These seven books truly deepen our understanding of Clausewitz’s theory of war and how it continues to inform us concerning the character of armed conflict in our own time. All of them elucidate Clausewitz’s contention that while the character of war inevitably varies with the age, its nature remains the same. Existentially, it is an act of violence to compel our opponent to our will, while instrumentally, it is the continuation of policy with the admixture of other means. Nonetheless, I would argue two gaps in a complete understanding of Clausewitz are not sufficiently addressed in these books. The first relates to the intellectual context of his period and how that shaped his thinking. The second concerns the failure to explore fully the dual nature of strategy that Clausewitz was the first to identify.

Several of these authors acknowledge that Clausewitz was influenced by the Romantic Movement (1770-1840), but each accords equal or more weight to that of the Enlightenment, and to Newtonian science. On the contrary, I believe Romanticism had a far more profound impact upon Clausewitz’s thinking, an influence that helps explain both his concept of Absolute War and its relation to real war, as well as his conception of war as a non-linear phenomenon.

None of the authors discussed in this essay appears to have accessed the recent, deeply probing scholarship dealing with Romanticism. A study of the work of Isaiah Berlin, Jacques Barzun, Terry Pinkard, and particularly, Frederick Beiser and Manfred Frank, is essential to acquire a full appreciation of this pan- European movement and its intellectual relationship to the Prussian theorist.

Painting Napoleon at the Battle Jena, 1806 by Horace Vernet

Erich Lessing/Art Resource 211732

Napoleon at the Battle of Jena, 1806, by Horace Vernet.

With regard to the significance of Romanticism, one eminent intellectual historian has situated the movement as a revolutionary turning point in the history of Western thought. Isaiah Berlin argues the first turn occurred at the end of the 4th Century BC, when the philosophical schools of Athens ceased to conceive of individuals as intelligible only in the context of social life. The second turning, inaugurated by Machiavelli, involved his recognition that there is a division between the natural and the moral virtues, the assumption that political values are not merely different from, but may, in principle, be incompatible with Christian ethics. The third great turning point – which Berlin argues was the greatest – was conceived toward the end of the 18th Century, with Germany in the vanguard. Romanticism has produced vast and incalculable effects, Berlin says, including the very assumptions underlying Western thought.5

Clausewitz certainly read some of the leading Romantic artists and philosophers intently before the Battle of Jena (1806), especially Holderlin, Schiller, and Goethe. Afterwards, during his ‘house arrest’ in France, Clausewitz stayed with the Romantic author Madame de Stael. Here, he met and befriended a towering figure in the movement, Wilhelm Schlegal. When he returned to Berlin in 1808, Clausewitz joined the Christian German Symposium. A list of its active participants reads like a veritable Who’s Who of German Romanticism. Later, when Clausewitz returned yet again to Berlin (1818-1830) to command the War Academy, he interacted with other major Romantic figures, including Georg Hegel.

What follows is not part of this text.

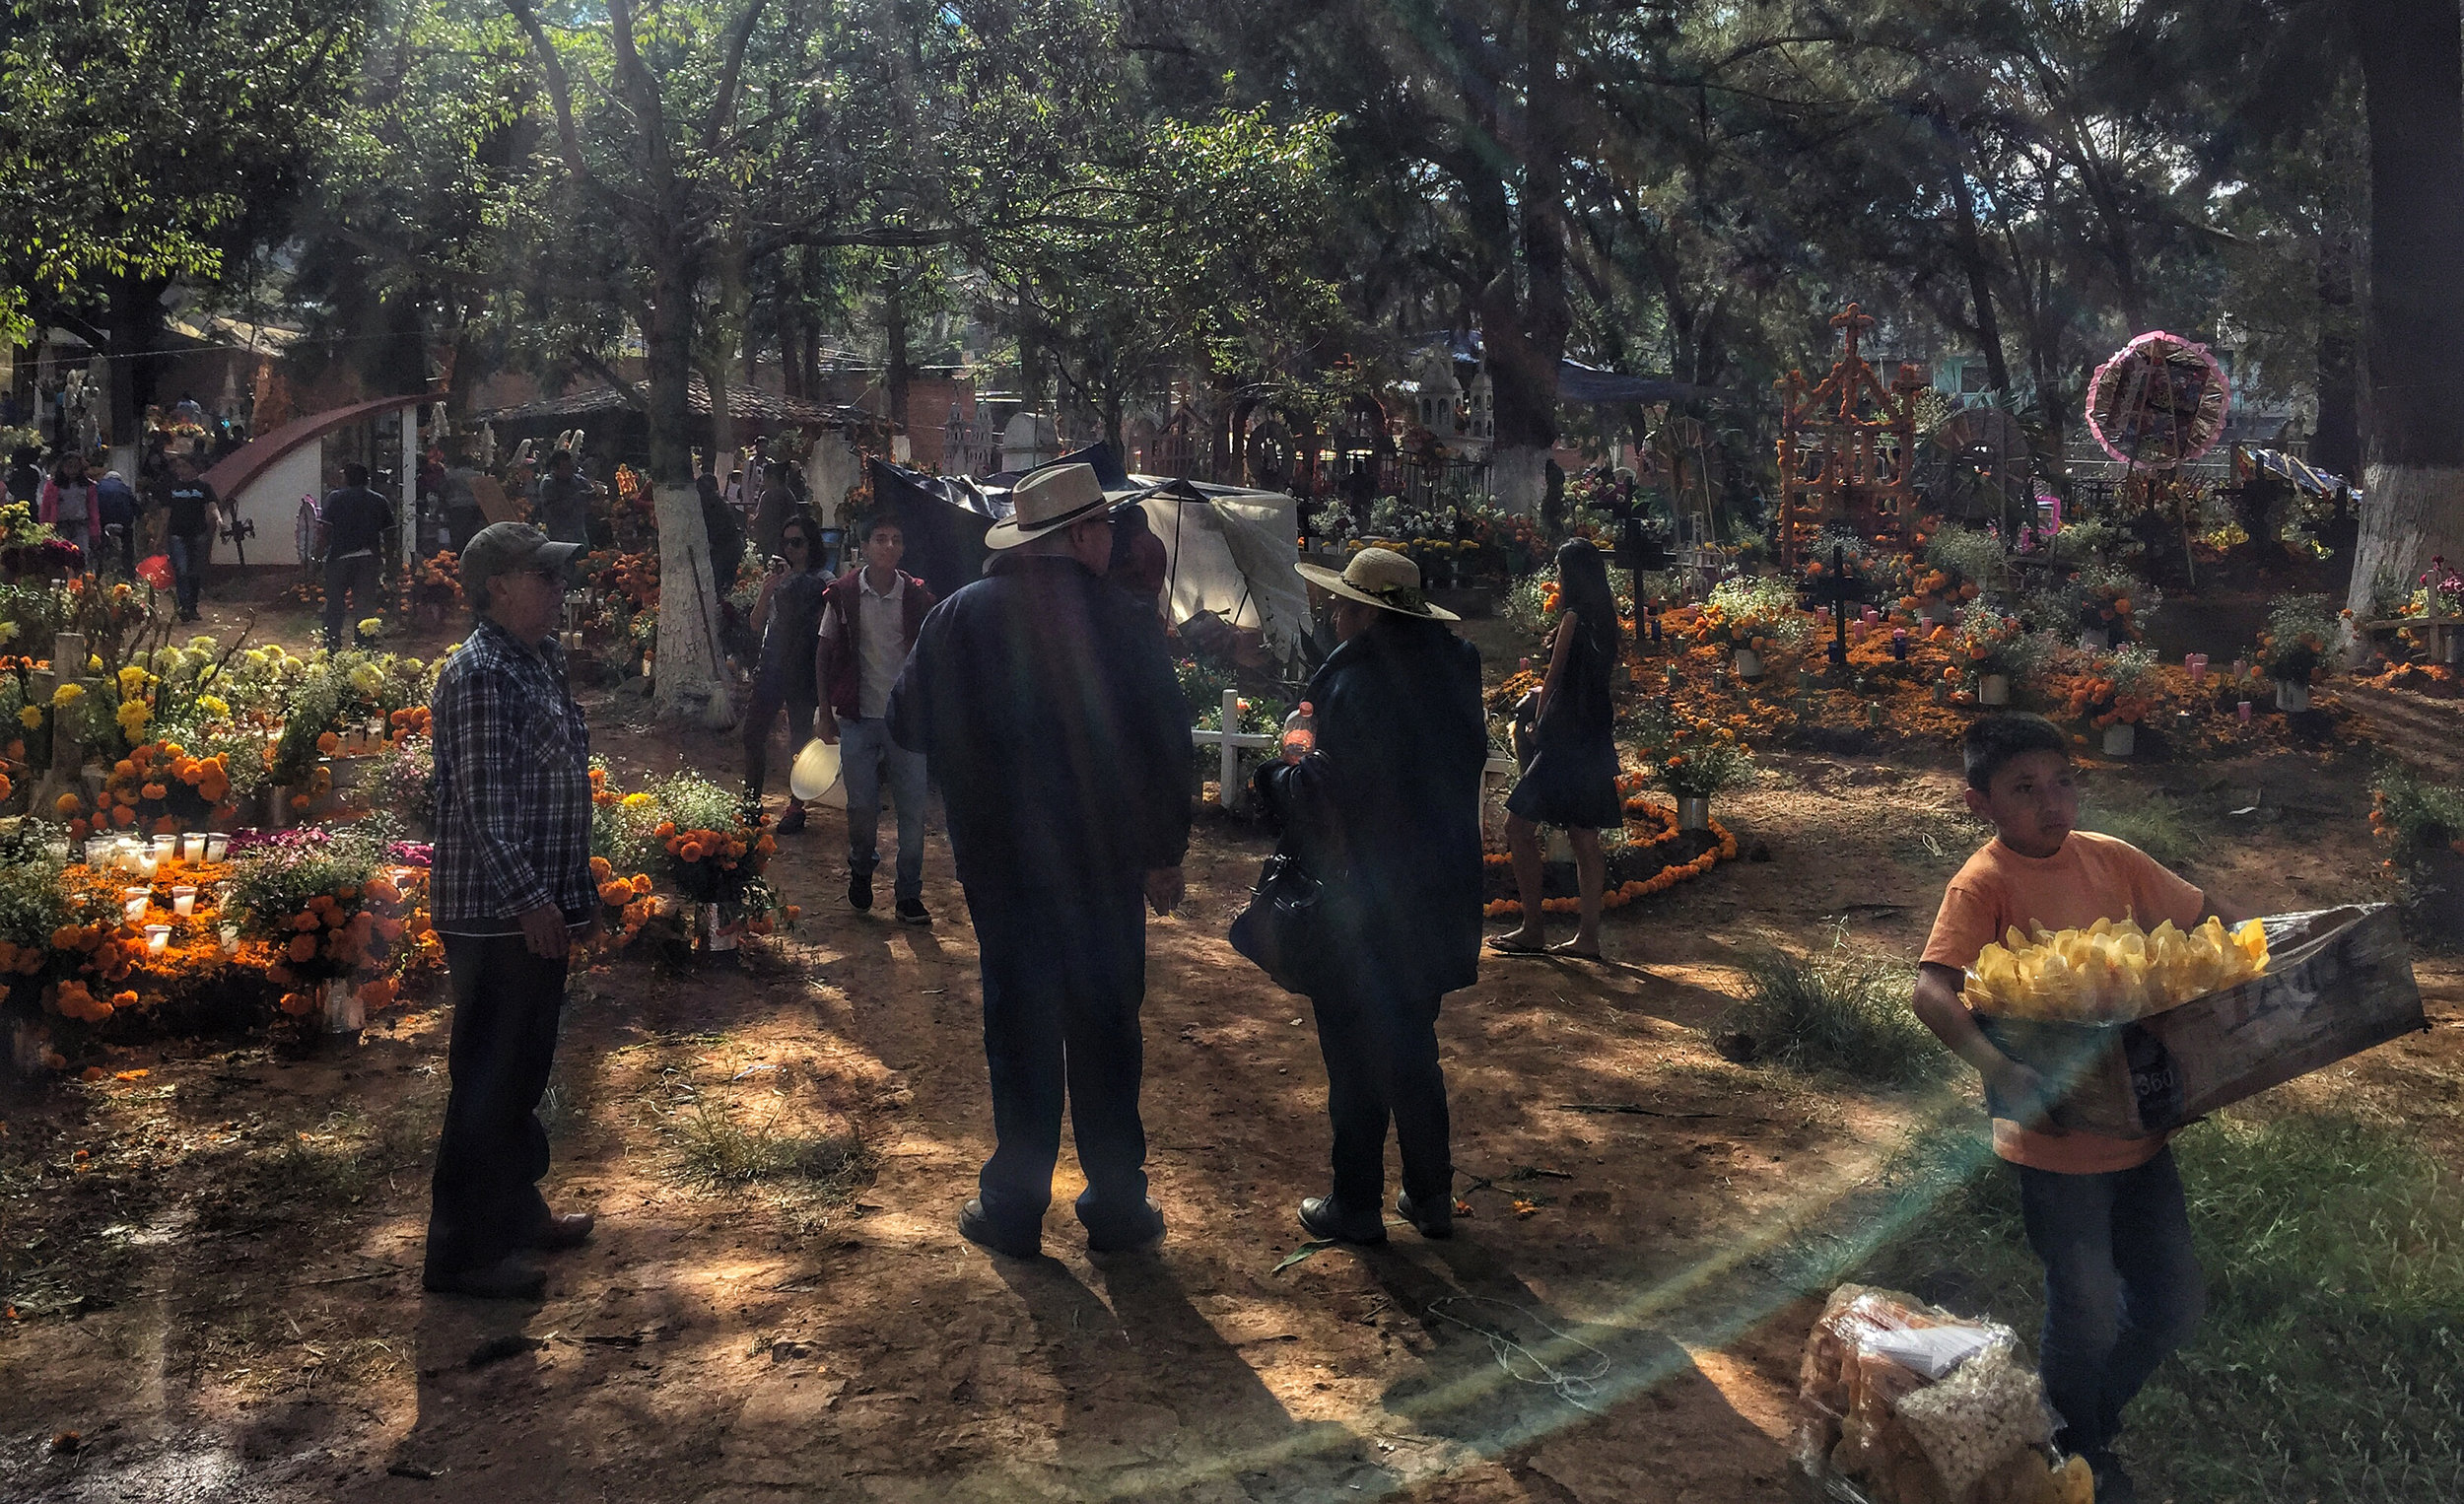 The busy Tsin Tsun Tsan cemetery the day before.

In his Battle: A History of Combat and Culture From Ancient Greece to Modern America John Lynn assesses the influence of these German philosophers and artists upon Clausewitz, and he concludes that although no single individual fashioned military Romanticism, von Clausewitz towered above all other military Romantics – so much so that lesser contributors practically disappear from view.

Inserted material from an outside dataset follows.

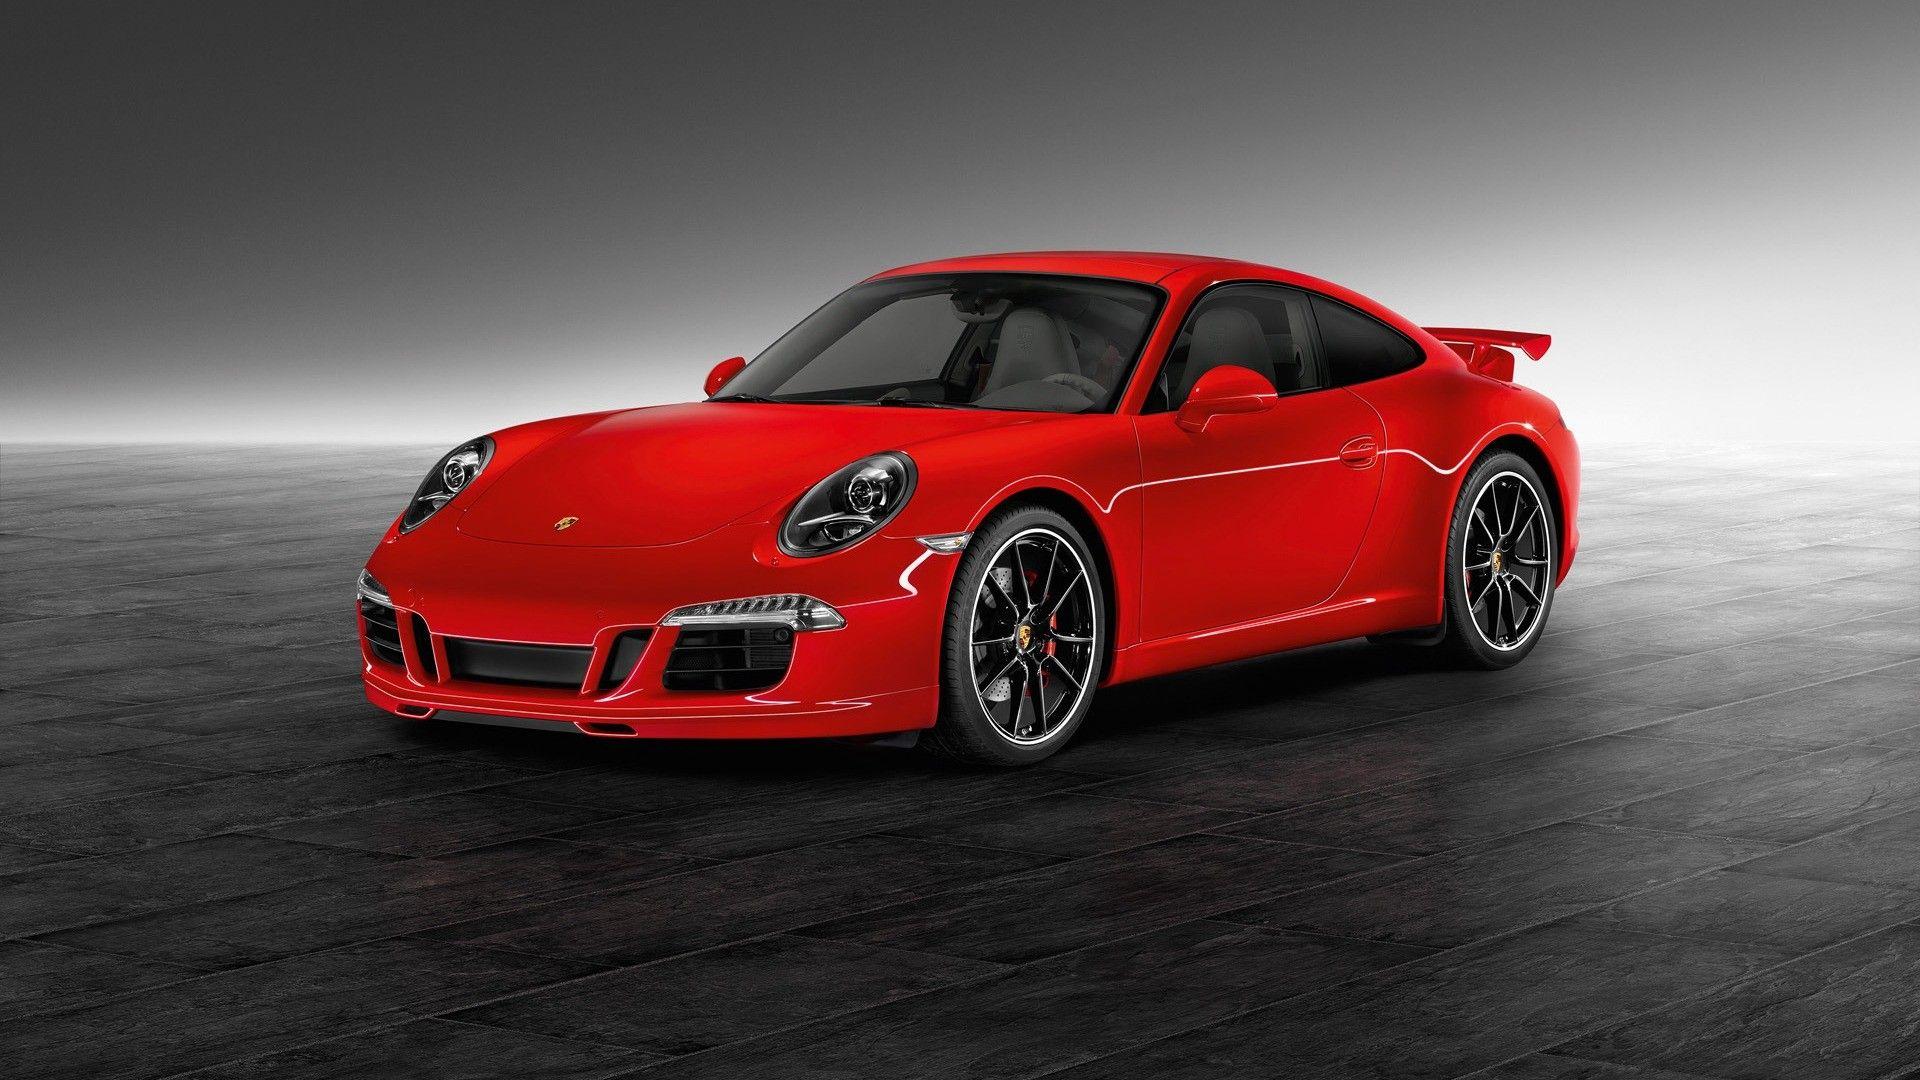 Porsche 911 Red Wallpapers   Top Porsche 911 Red Backgrounds 1920x1080

The Romantics rejected what they considered the desiccated rationality of the Enlightenment, and its emphasis upon Empiricism and its Materialism. The philosopher Fredrick Schelling, for example, launched an all-out assault upon the mechanistic science of the 18th Century. In addition, the Romantics sought a philosophical solution to the dualism inherent in the prevailing Cartesian paradigm of nature. They produced a philosophical articulation of the Romantic vision of the ultimate integration of all the particularities or bifurcations of reality in the concrete, dynamic totality of the ‘Concept’ (Begriff in German). The pivotal term ‘Concept’ means the purpose and the essence of a thing, its formal final cause. Romantics held that the object of both artistic expression and philosophical and scientific analysis was the ‘Concept’ that incorporated both the universal and the individual. The ‘Concept’ is the genuine first, and things are what they are through the action of the ‘Concept,’ imminent in them, and revealing itself in them.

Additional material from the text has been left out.